* Work done during an internship at Microsoft Research Asia. † Corresponding authors.
Current one-pass 3D scene synthesis methods often suffer from spatial hallucinations, such as collisions, due to a lack of deliberative reasoning. To bridge this gap, we introduce SceneReVis, a vision-grounded self-reflection framework that employs an iterative “diagnose-and-act” loop to explicitly intercept and resolve spatial conflicts using multi-modal feedback. To support this step-wise paradigm, we construct SceneChain-12k, a large-scale dataset of causal construction trajectories derived through a novel reverse engineering pipeline. We further propose a two-stage training recipe that transitions from Supervised Fine-Tuning to Agentic Reinforcement Learning, evolving the model into an active spatial planner. Extensive experiments demonstrate that SceneReVis achieves state-of-the-art performance in high-fidelity generation and goal-oriented optimization, with robust generalization to long-tail domains.

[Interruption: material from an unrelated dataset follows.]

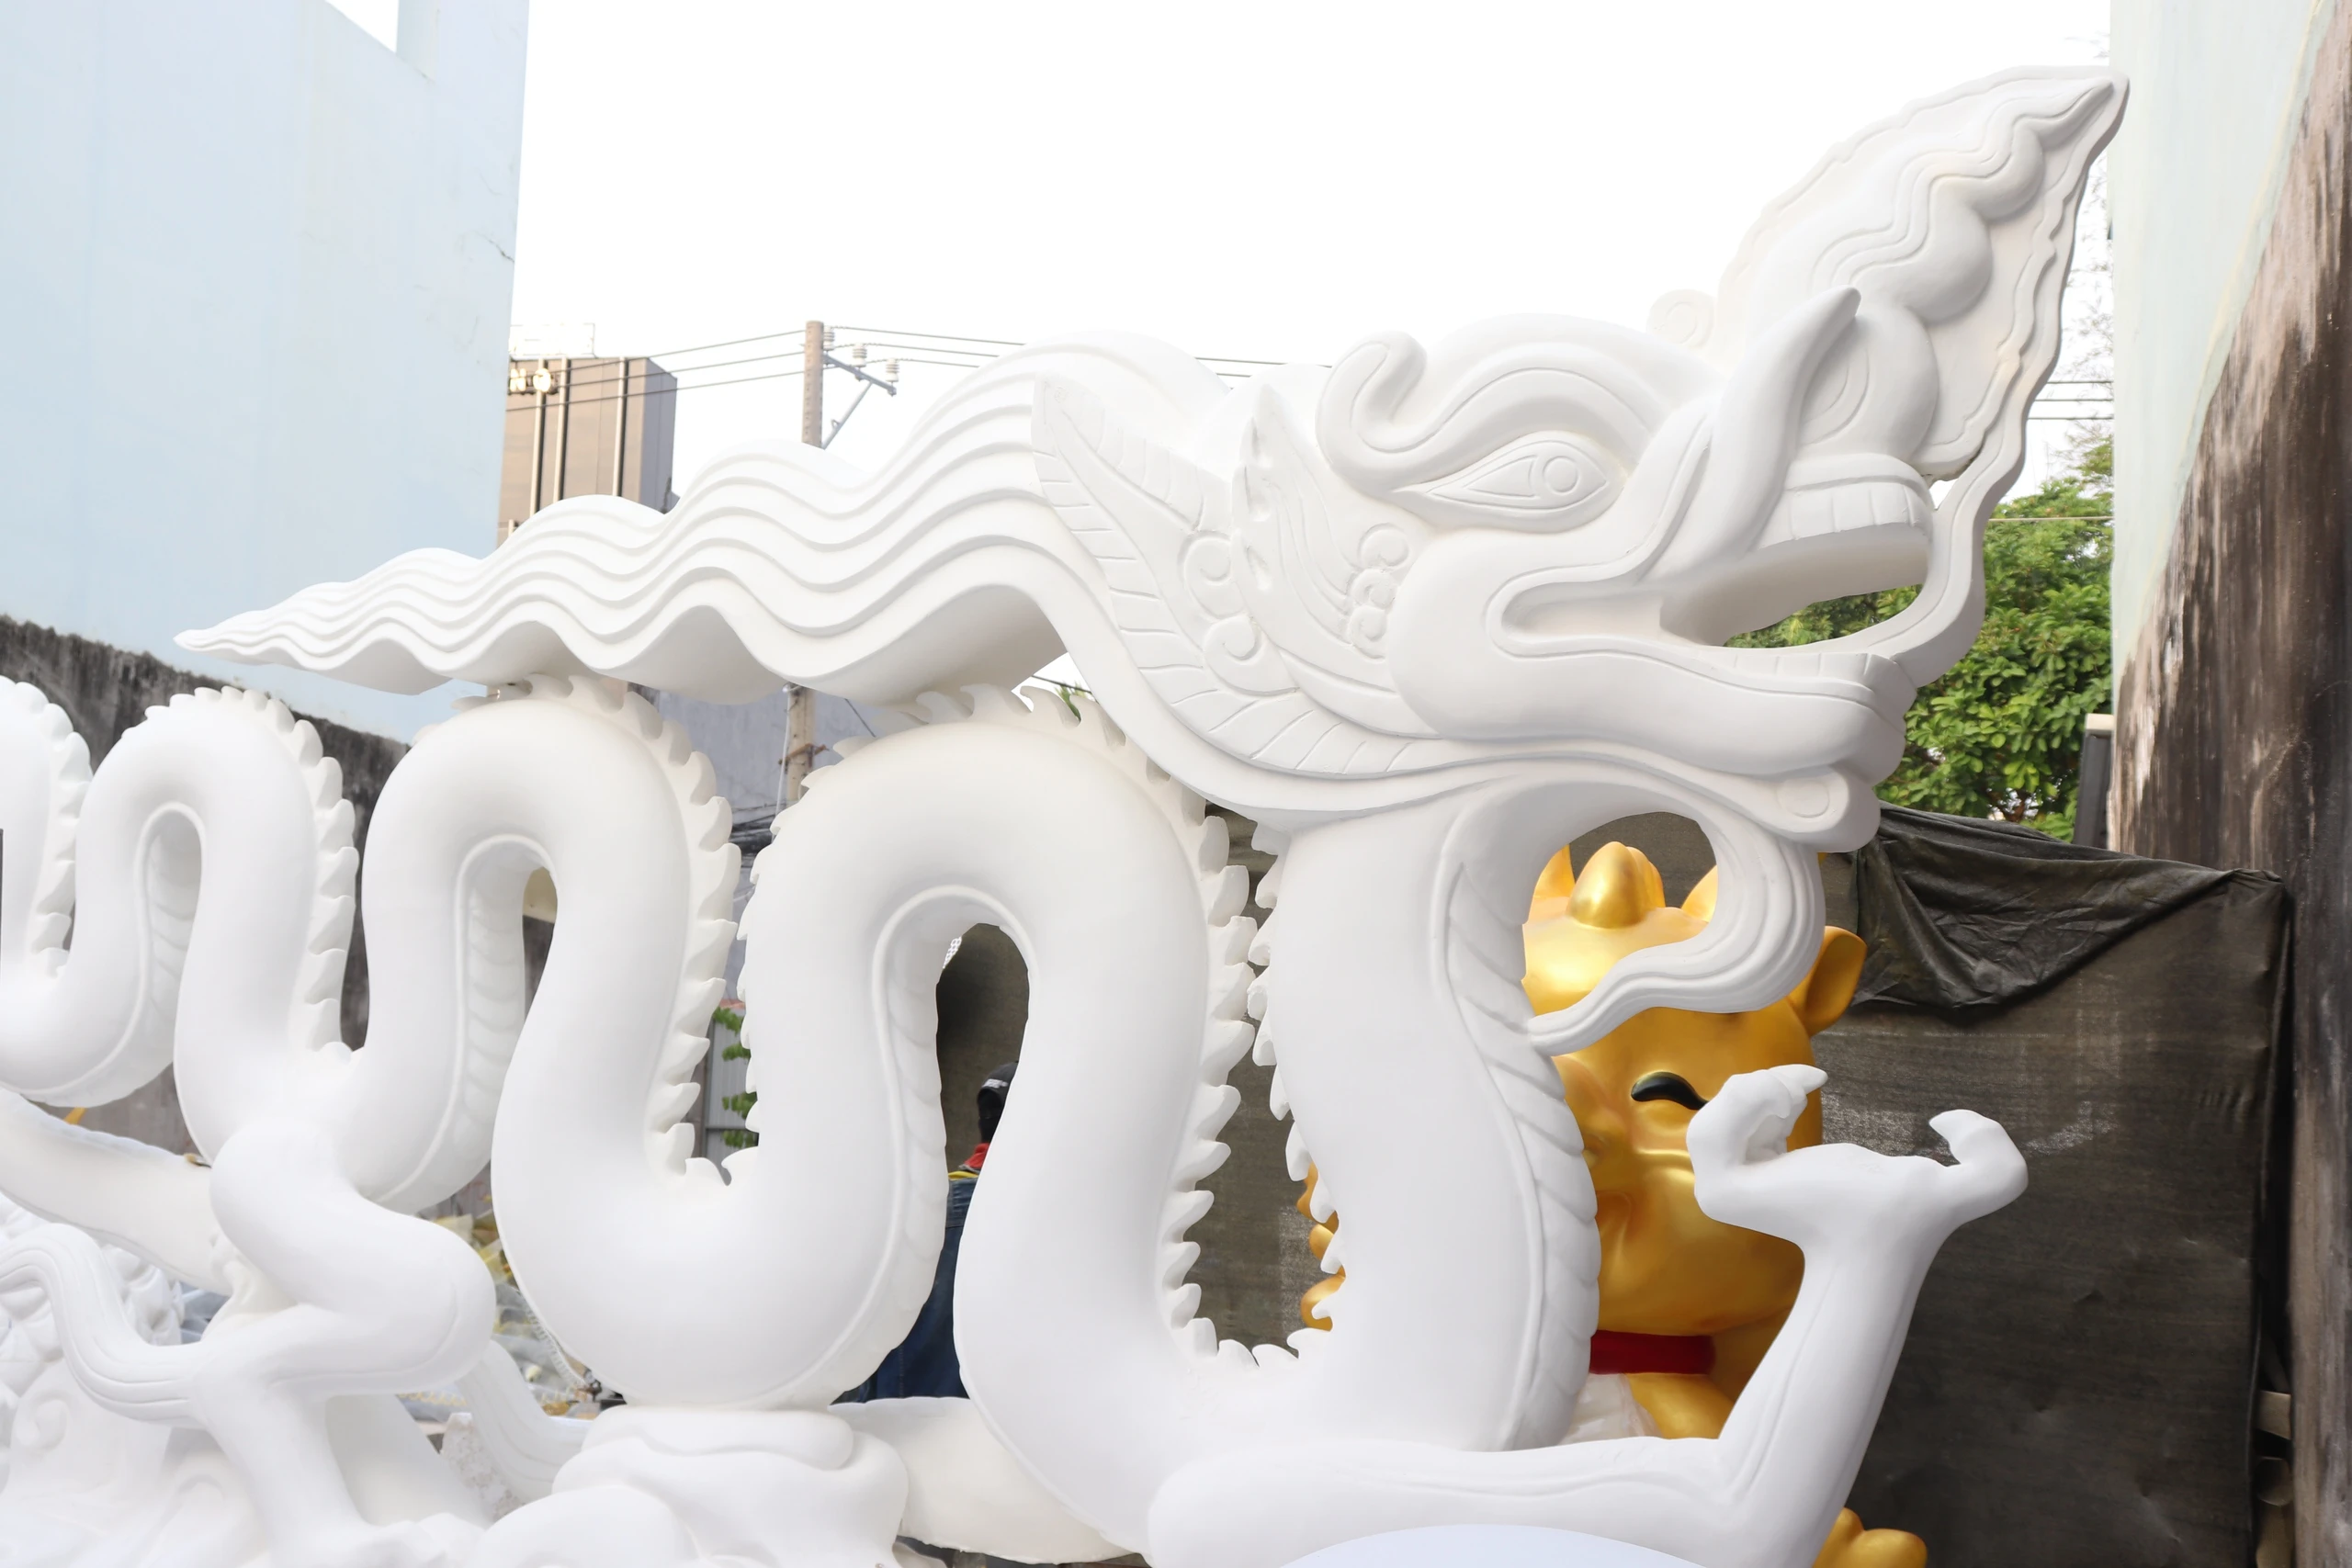 Linh vật rồng khổng lồ dài 120 mét cho đường hoa Nguyễn Huệ được làm thế nào?

The SceneReVis learning framework consists of: (a) Data Construction via reverse engineering, (b) Cold Start via Supervised Fine-Tuning, (c) Legend, and (d) Agentic RL with GRPO for self-reflective reasoning.
Quantitative evaluation on standard room types. SceneReVis significantly reduces collision and out-of-boundary rates while achieving the highest visual quality scores.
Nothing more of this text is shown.